— А что он завтра делает, не знаешь?
Мацек медленным, усталым движением провел рукой по лбу.
— В десять похороны... хоронят тех двоих...
— Кого?
— Ну, этих! Не знаешь, что ли?
— Ах, вон что! Хорошо. А потом?
— Не знаю. Анджей разозлился.
— Как ты, собственно, себе все это представляешь? Где, когда? Знаешь, Мацек, мне не хочется называть вещи своими именами. Зачем тогда было браться? А с Кацпаром ты виделся?
Хелмицкий в первый момент не мог сообразить, кого он имел в виду.
— С каким Кацпаром?
— Не знаешь Кацпара?
— А-а! Этот парнишка ив госбезопасности? Нет, не виделся.
— Небось даже не пытался?
И, сунув руки в карманы брюк, Анджей с раздражением начал ходить по комнате.
— Кто эта девушка?— спросил он вдруг,.
— Не важно.
— Она знает про тебя?
— Догадывается.
— И что?
— Ничего.
Анджей пожал плечами.
— Мог бы, по крайней мере, объяснить по-человечески.

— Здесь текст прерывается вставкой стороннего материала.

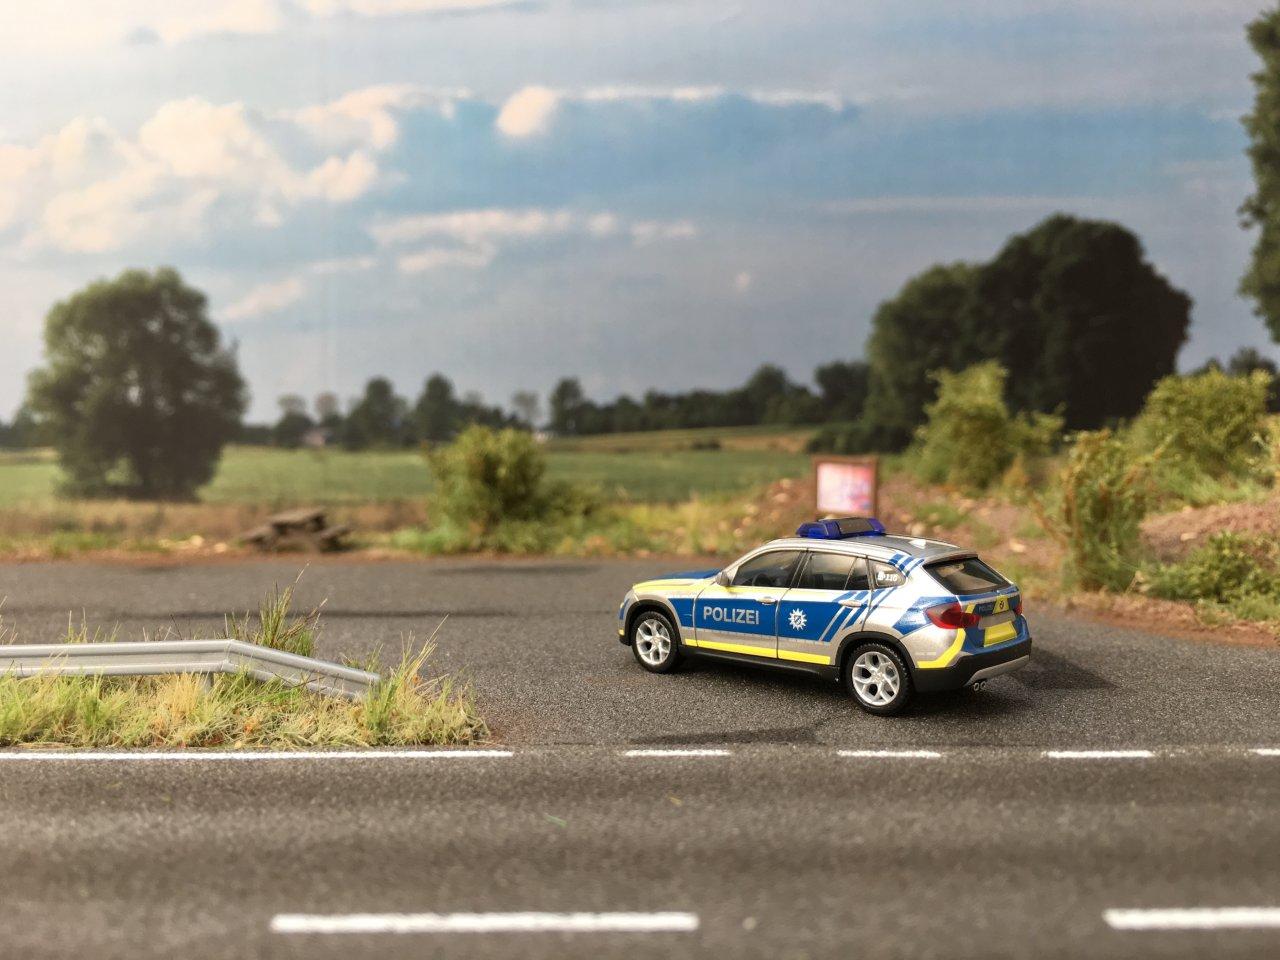 BMW X1 Polizei Bayern  03.JPG

— Зачем? Ты сам сказал, что это мое личное дело. Наступило молчание. Анджей ходил по комнате.
Вдруг Хелмицкий встал.
— Ну, хорошо!
Анджей остановился перед ним.
— Что хорошо?
— Я все сделаю.
— Завтра?
— Да.
— Каким образом?
— Это тебя не касается. Помощники мне не нужны. Справлюсь один.
— На ура?
— Не волнуйся. Не напортачу. Мне жизнь дорога, так что можешь быть спокоен. Но на этом — точка!
Анджей пристально посмотрел на него и, не говоря ни слова, повернулся к нему спиной и подошел к окну. Некоторое время он стоял там молча.
— Значит, не ждать тебя в Калиновке?— спросил он наконец.
— Нет.
Анджей обернулся к Мацеку и стоял, упершись руками в подоконник.
— Ну, что же,— сказал он спокойно,— значит, наши пути разошлись. Ты переходишь на другую сторону. Вряд ли мы когда-нибудь опять сойдемся. Кто из нас прав — рассудит история.
Он постоял еще немного в задумчивости, потом выпрямился и, подойдя к Мацеку, протянул ему руку.
— Пока!
У Хелмицкого сжалось горло, и он с трудом выдавил:
— Пока!
Тени погибших товарищей и друзей обступили его, нахлынули воспоминания, озарив прошлое блеском былых надежд и былой дружбы.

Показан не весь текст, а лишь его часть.